Summary and Closure Phase

  • Sets of information are summarized in this phase.
  • Potential plans to resolve problems are identified and discussed.
  • Clarification is encouraged about the information presented.

Types of Communication

  • Non-verbal communication includes aspects like appearance, demeanor, posture, facial expressions, and attitude.
  • Verbal communication is a necessity to gather information and uses communication strategies.

Non-Verbal Communication: Appearance

  • Presentation should be professional through neat clothes, hair, and a name tag with credentials.

Non-Verbal Communication: Demeanor

  • Aim for composure upon entering the room.
  • Maintain focus towards the client.
  • Maintain professional distance when uncomfortable.
  • Avoid being too "touchy" or overwhelmingly friendly.
  • Avoid laughing loudly, yelling with coworkers, and muttering under your breath.

Non-Verbal Communication: Facial Expression

  • An often overlooked aspect of communication.
  • It reflects what you are truly thinking.
  • Facial expressions should be kept in check regardless of the situation.

Non-Verbal Communication: Attitude

  • Maintain a non-judgmental attitude by accepting all beliefs, ethnicities, lifestyles, and health practices.
  • It is important to not preach to clients and impose personal ethics/morality i.e. smoking.
  • Developing this non-verbal skill is one of the most important.

Non-Verbal Communication: Silence

  • Silence allows both the nurse and client to reflect and organize thoughts.
  • Silence facilitates more accurate reporting and data collection..

Non-Verbal Hindrances to Communication

  • Excessive or insufficient eye contact should be avoided.
  • Distractions and distance should be minimized.
  • Standing is generally discouraged.

Non-Verbal Hindrances to Communication: Eye Contact

  • Extremes in eye contact should be avoided.
  • Cultural orientation may also affect patient perception of eye contact.

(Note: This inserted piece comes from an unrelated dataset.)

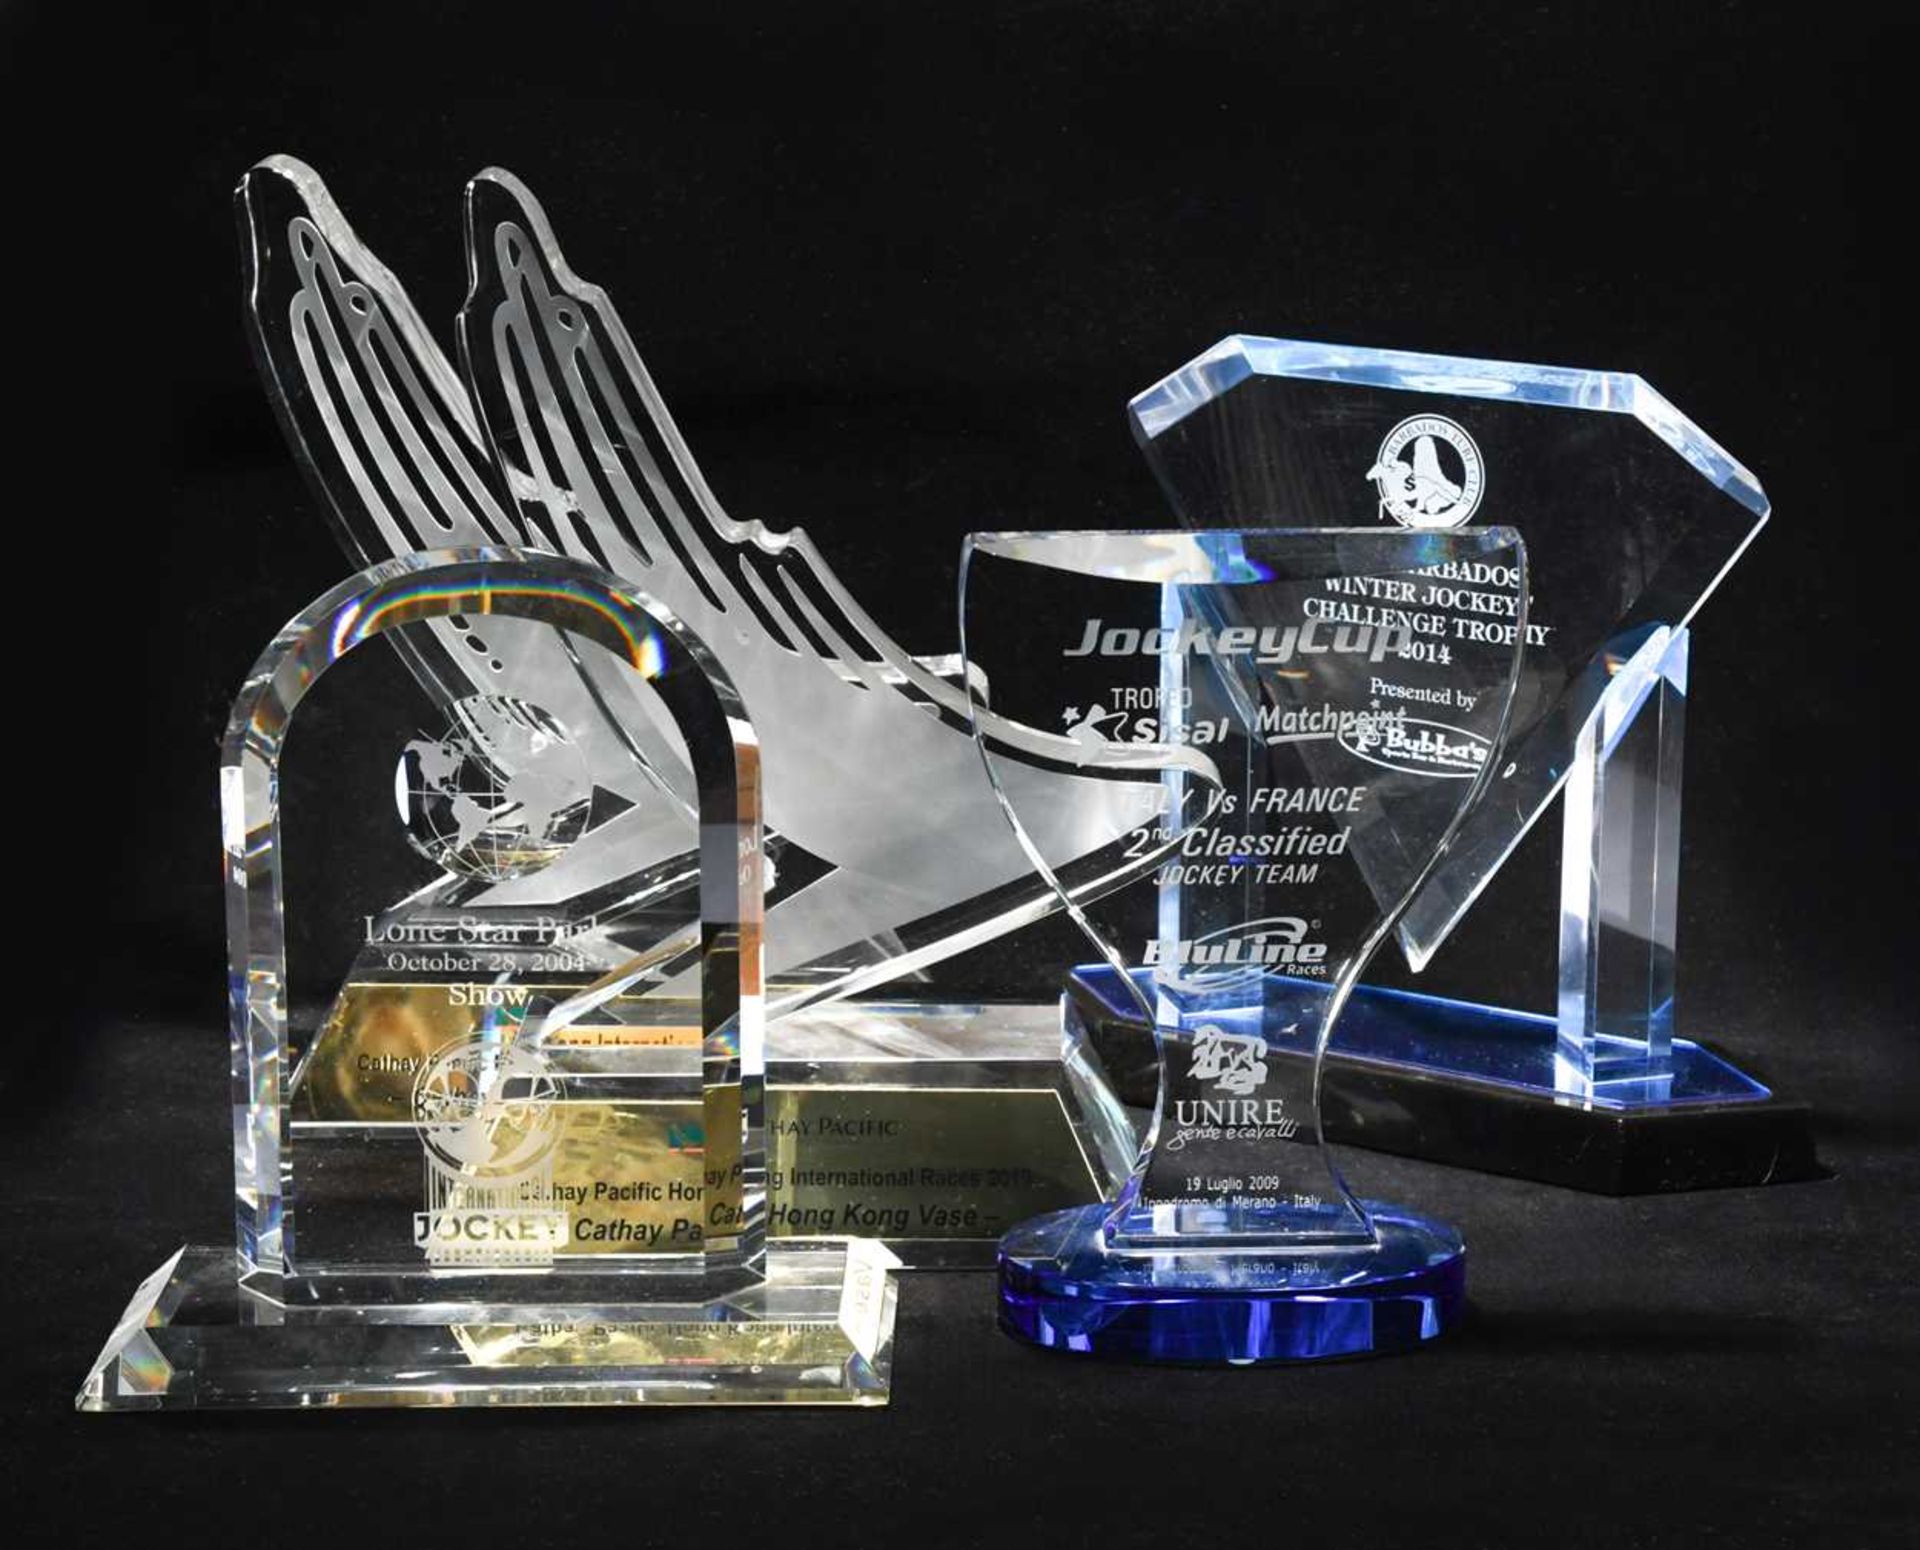 A G2 Darley Prix Robert Papin cut glass trophy, awarded to Frankie Dettori,

Non-Verbal Hindrances to Communication: Distraction & Distance

  • Being occupied distracts the patient while asking questions, giving the idea that the interview is unimportant.
  • Avoid physical distances more than 2-3 feet.
  • Rapport and trust are built when a client senses the focus and concern entirely on them.

Proxemics

  • Proxemics are the study of distance between people in their interactions.
  • The four distances are:
    • Intimate (0-1.5 feet)
    • Personal (1.5-4 feet)
    • Social (4-12 feet)
    • Public (>12 feet)
  • Intimate Distance
    • Preferred by parents with young children, people desiring personal contact, or whispering.
    • It can can cause anxiety if anyone else invades this space.
  • Personal Distance
    • Comfortable between family and friends talking to one another.
  • Social Distance
    • Acceptable for communication in social, work, and business settings.
  • Public Distance
    • This is an acceptable distance between a speaker and an audience, small groups, or other informal functions.

Non-Verbal Hindrances to Communication: Standing

  • It puts concerned parties at different levels.
  • The nurse (higher level) may be perceived as superior.
  • Patient care should instead be viewed as a partnership otherwise patients may not feel empowered.

Therapeutic Communication Techniques

  • Listening
  • Rephrasing
  • Broad Openings and General Statements
  • Clarification
  • Focusing

Therapeutic Communication: Listening

  • Listening should be active and mindful.
  • It involves using all the senses.
  • Paying attention to what the client says, does, and feels as opposed to listening passively with just the ears.

Therapeutic Communication: Rephrasing

  • Actively listening for the basic message and repeating those thoughts in similar words.
  • For example, if a patient says that they could not manage to eat any dinner last night, even dessert, the nurse can respond with that they had difficulty eating yesterday.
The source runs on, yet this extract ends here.